Jazz couldn't help but be privately surprised that she didn't seem to have a problem believing him.
"Yes," she answered him, though she wasn't completely easy with it. "Starscream is mine though."
"You're the only one of us with a real grudge against him," Jazz told her. "When you come around, you'll have to ask Prime for asylum. He'll have to hear about what you can remember about the situation that led to your being on the run... have you recovered any of it?"
"Yes," she admitted, even more uneasy with the statement.
He could feel the shame she was trying to keep in check wash over her, though not the actual source of it yet.
"Most of it, I believe," she added quietly as she curled her knees to her chest and began to close her mind. "I remember what I was.
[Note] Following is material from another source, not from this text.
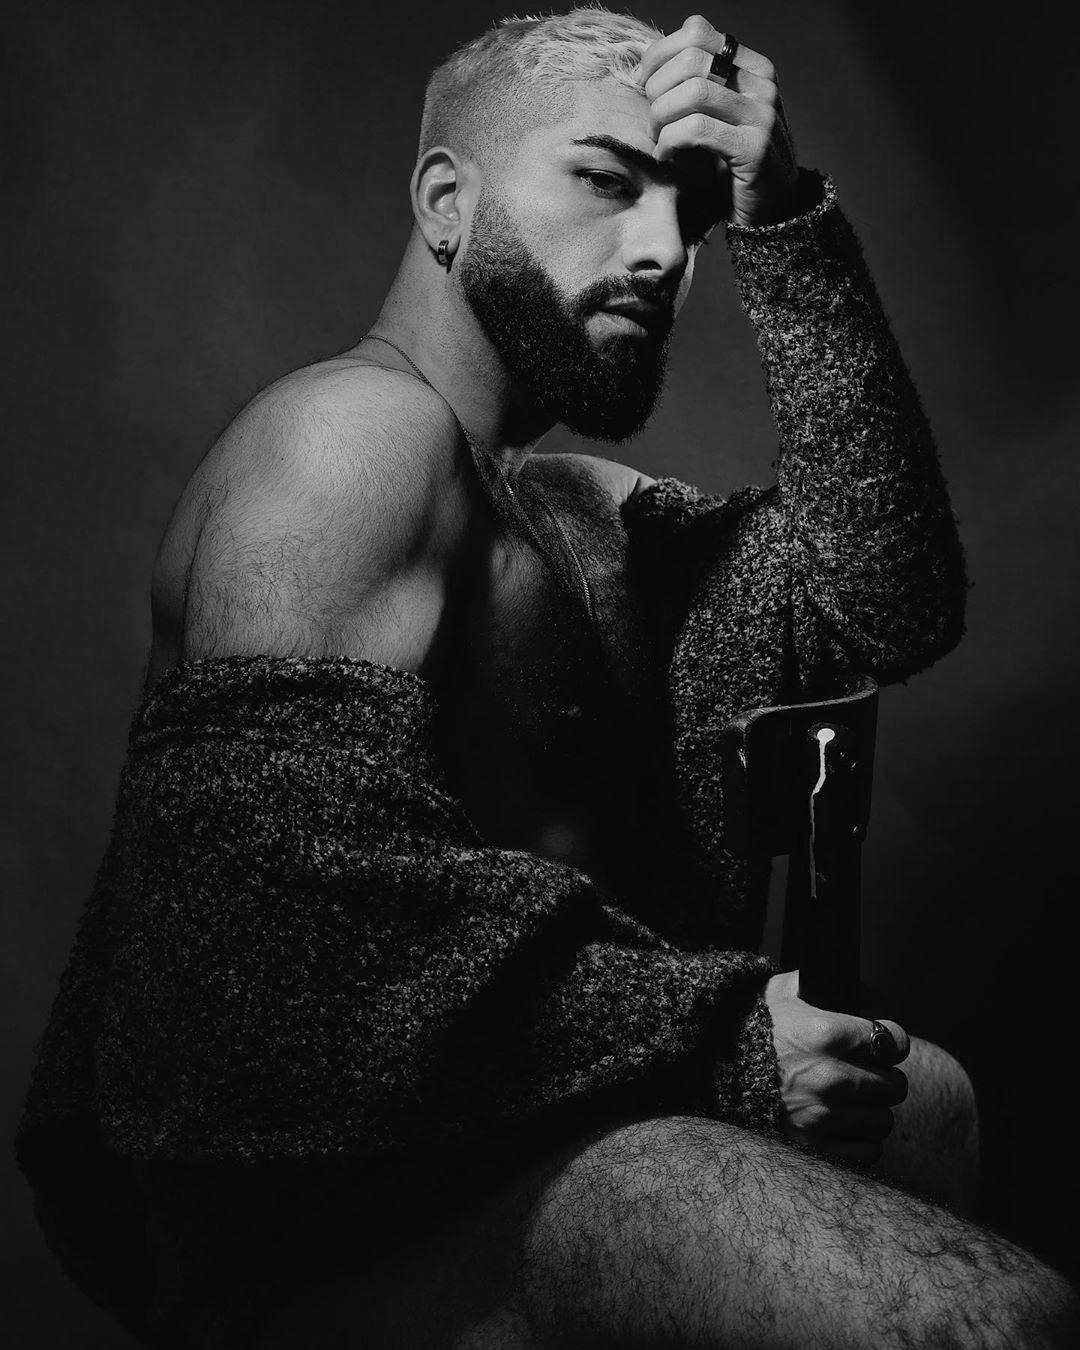 Lorenzo (II), by David Sursin Photographie ft Lorenzo Diego.

What I did to be here."
"You don't have to be ashamed," he told her, fighting to maintain the link as she tried closing it off. "We're willing to hear your side of it. I'm willing to see it myself, go into your memories and see what happened that you can show me. Prime knows what war is like," he promised. "Probably better than you do."
He could feel how torn she was as the pressure to leave lessened some. She wanted to stop this conversation, to push the pain away and burry it again. At the same time, she wanted, desperately wanted, to have someone tell her that what she'd done wasn't as horrible as she thought it was.
He knew a moment before she spoke what the answer was.
"Later," she murmured before making a conscious effort to close the link. A move that gave him a choice between leaving, or forcing himself on her.
With a prisoner, he'd have no qualms. He was fairly sure he could keep her security interlocks open if he tried. But she wasn't a prisoner, so he backed off.
"How'd it go?" Ratchet asked when Jazz began to move again.
"She won't kill you, and Caurun might have a willing prisoner," Jazz explained briefly. "She's torn up about whatever it is she remembers now. She needs to have somebody go in there and look at it, but I wasn't going to force her."
"That's a plus. Did she give an indication on who should look?" he asked, mulling it over. "Or what happened?"
"Whatever it was, she feels horrible about it now that she remembers," he told Ratchet. "I'd say either me, or Prime, at this point. She trusts me, and he can tell her how much of it was acceptable from a war standpoint. This doesn't end our little problem about what to do with her, but at least she knows it herself, now."
"That's an improvement," Ratchet nodded. "Go spend some time with Mirage. Looks like you could use it."
"Not like Blaster's," Jazz said softly as he left.
"I know, old friend," Ratchet put a hand on Jazz's shoulder. "Most of us left who we need most behind."